**RECORDS FOR THIS TASK:**
════════════════
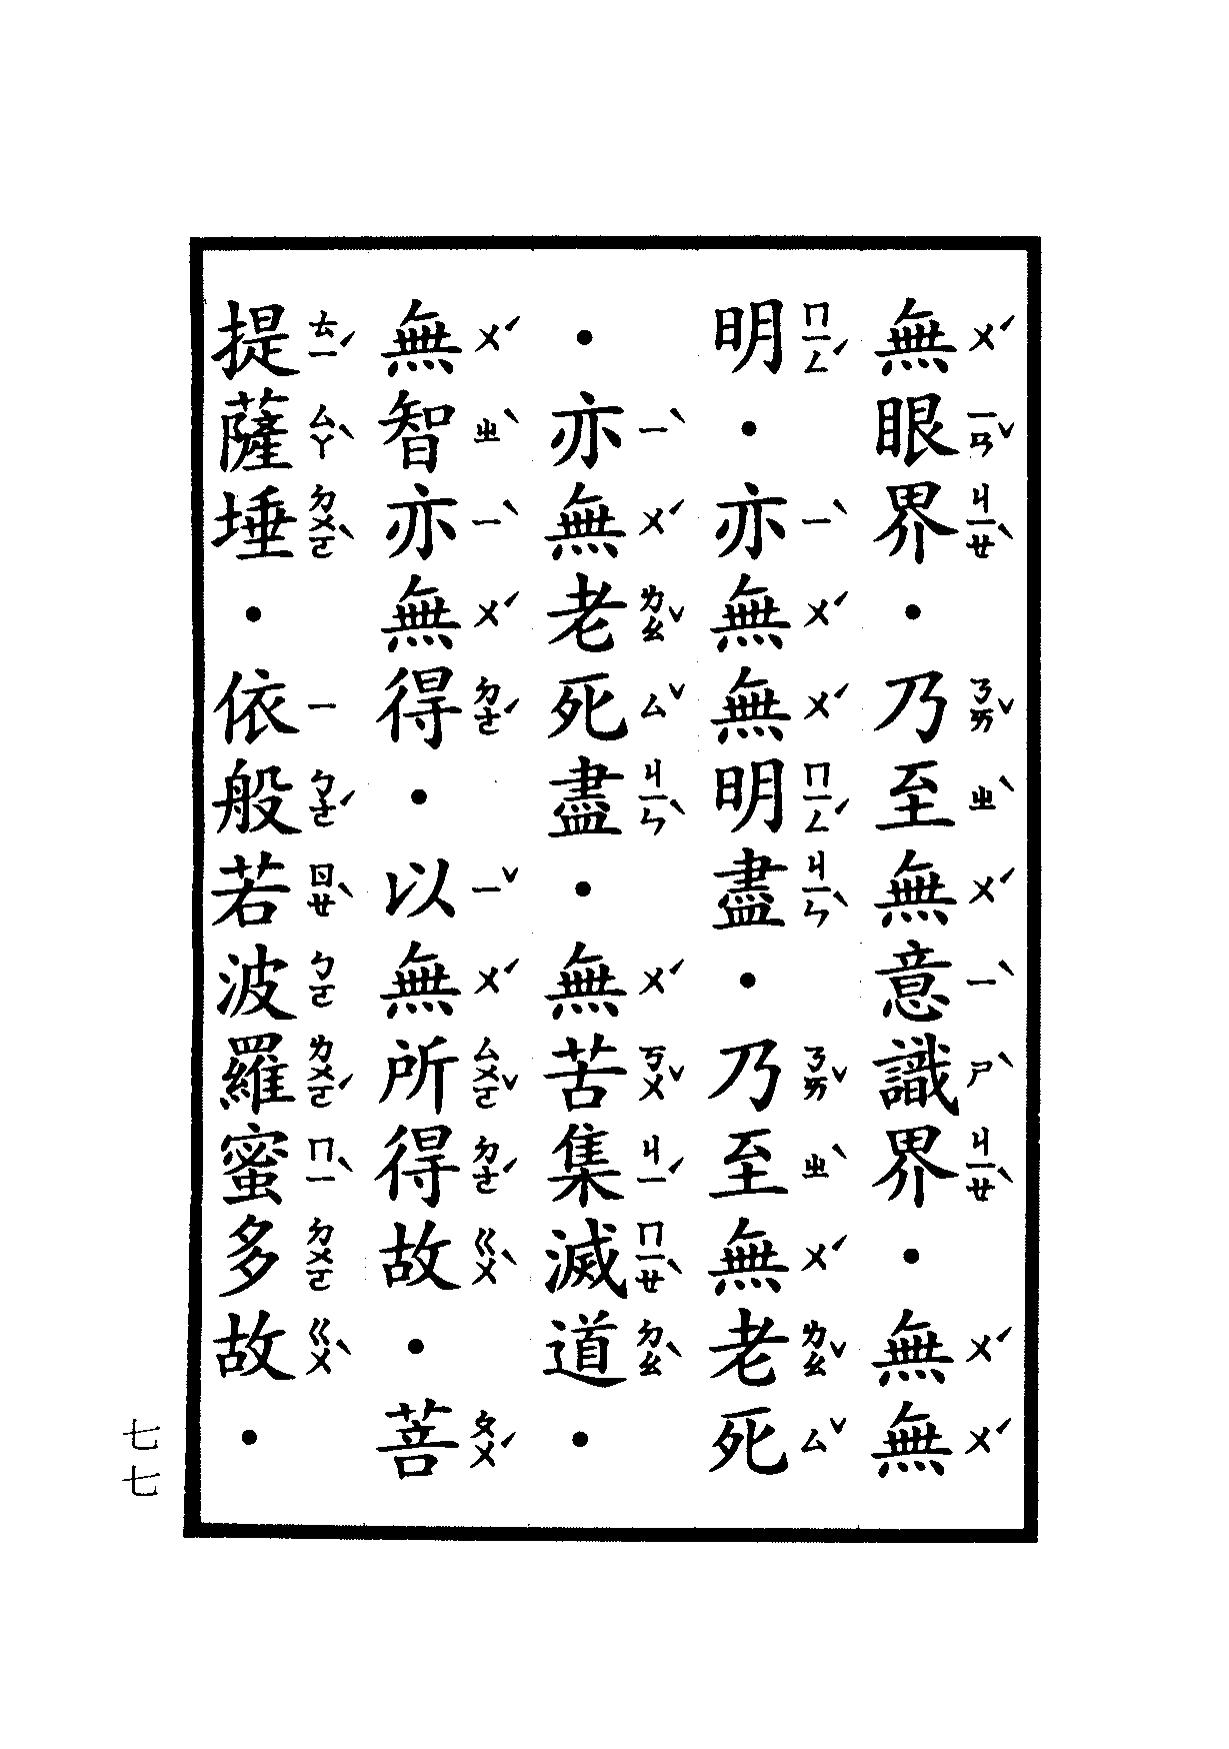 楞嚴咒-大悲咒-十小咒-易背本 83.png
════════════════
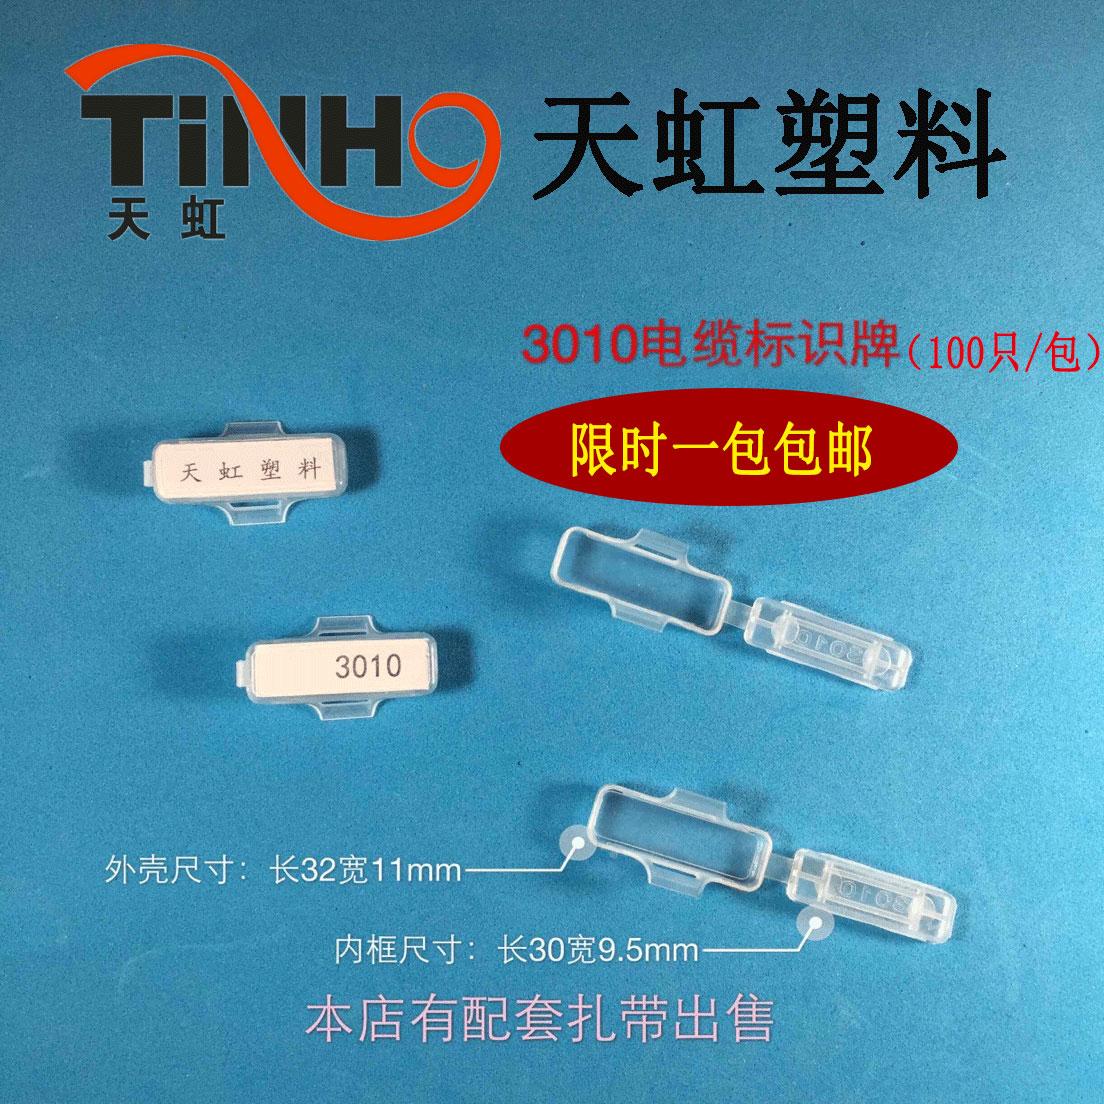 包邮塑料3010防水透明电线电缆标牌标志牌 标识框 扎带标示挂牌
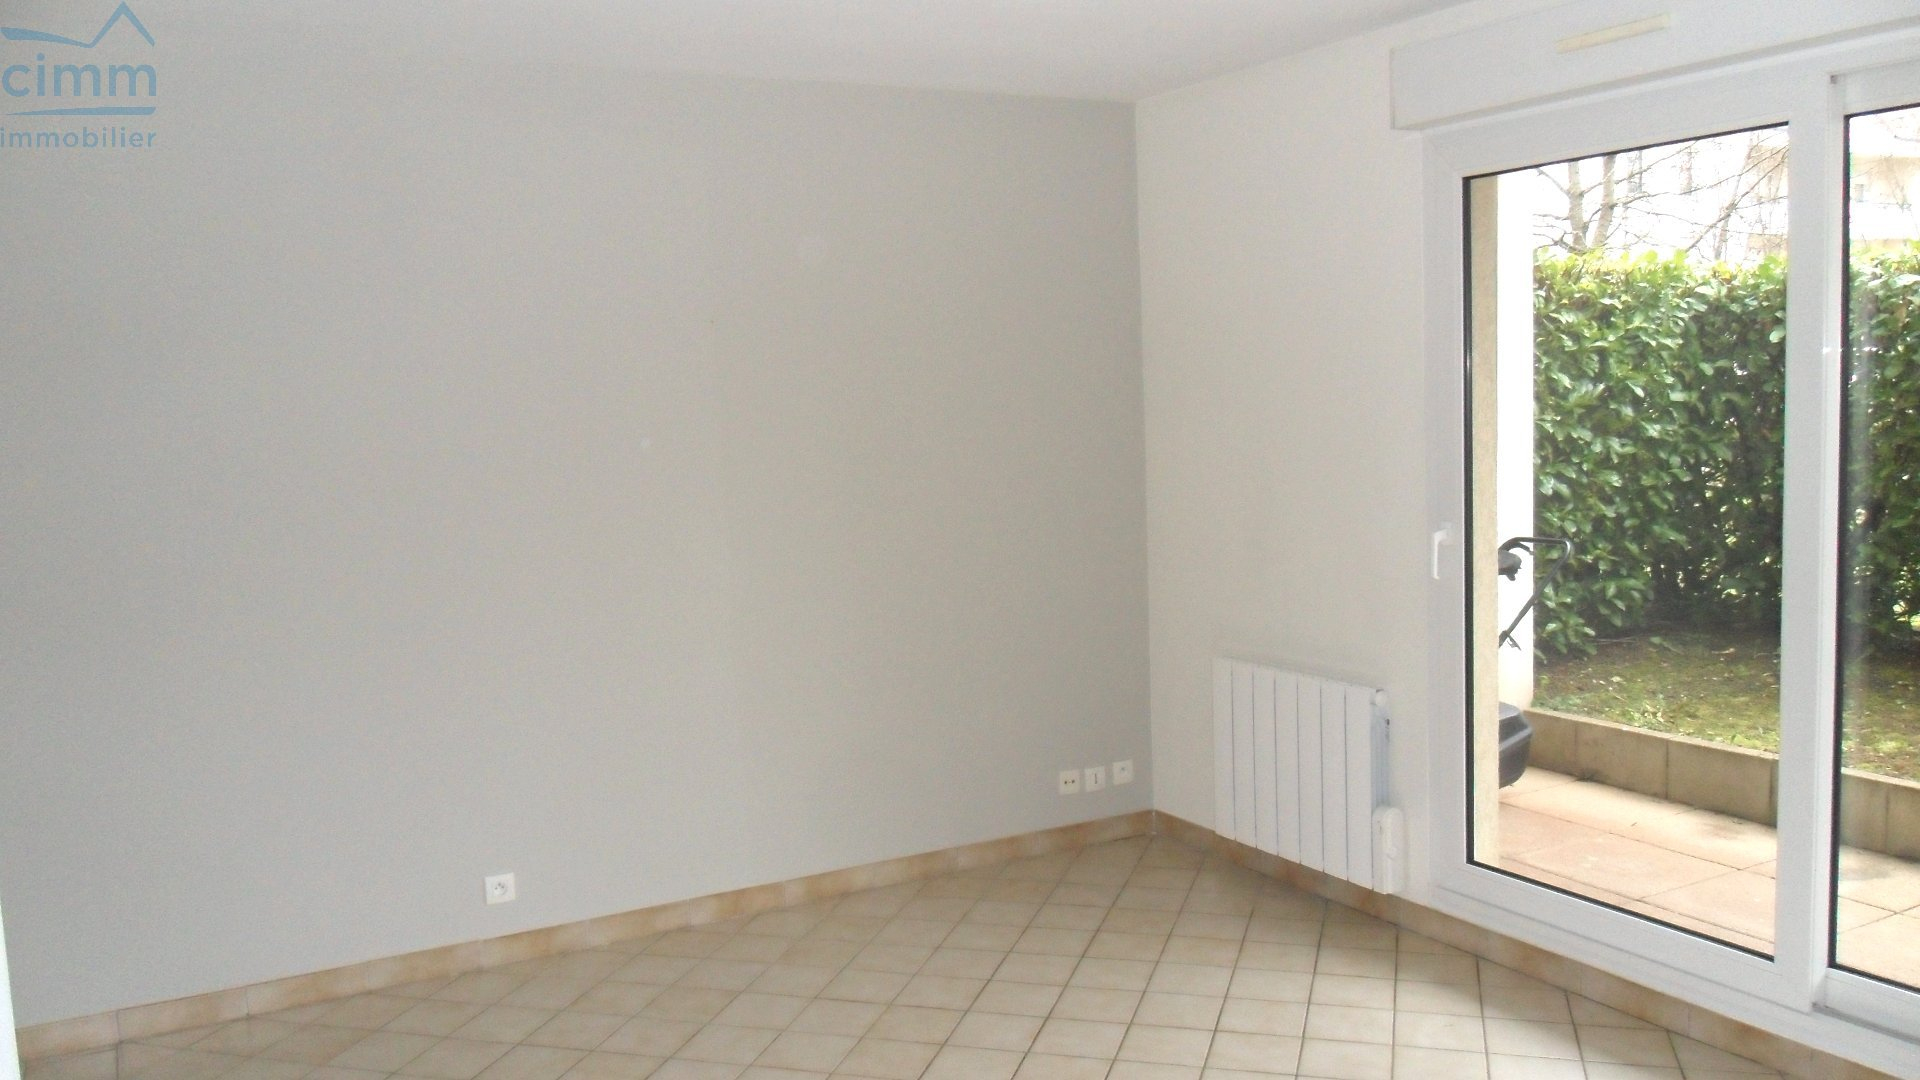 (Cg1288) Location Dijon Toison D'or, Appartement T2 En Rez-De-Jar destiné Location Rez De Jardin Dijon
════════════════
**TASK STATEMENT:**
Return the material from the line containing "包邮塑料3010防水透明电线电缆标牌标志牌 标识框 扎带标示挂牌" through the line containing "(Cg1288) Location Dijon", exactly and in full, but without its pictures.

**YOUR SOLUTION:**
 包邮塑料3010防水透明电线电缆标牌标志牌 标识框 扎带标示挂牌
 (Cg1288) Location Dijon Toison D'or, Appartement T2 En Rez-De-Jar destiné Location Rez De Jardin Dijon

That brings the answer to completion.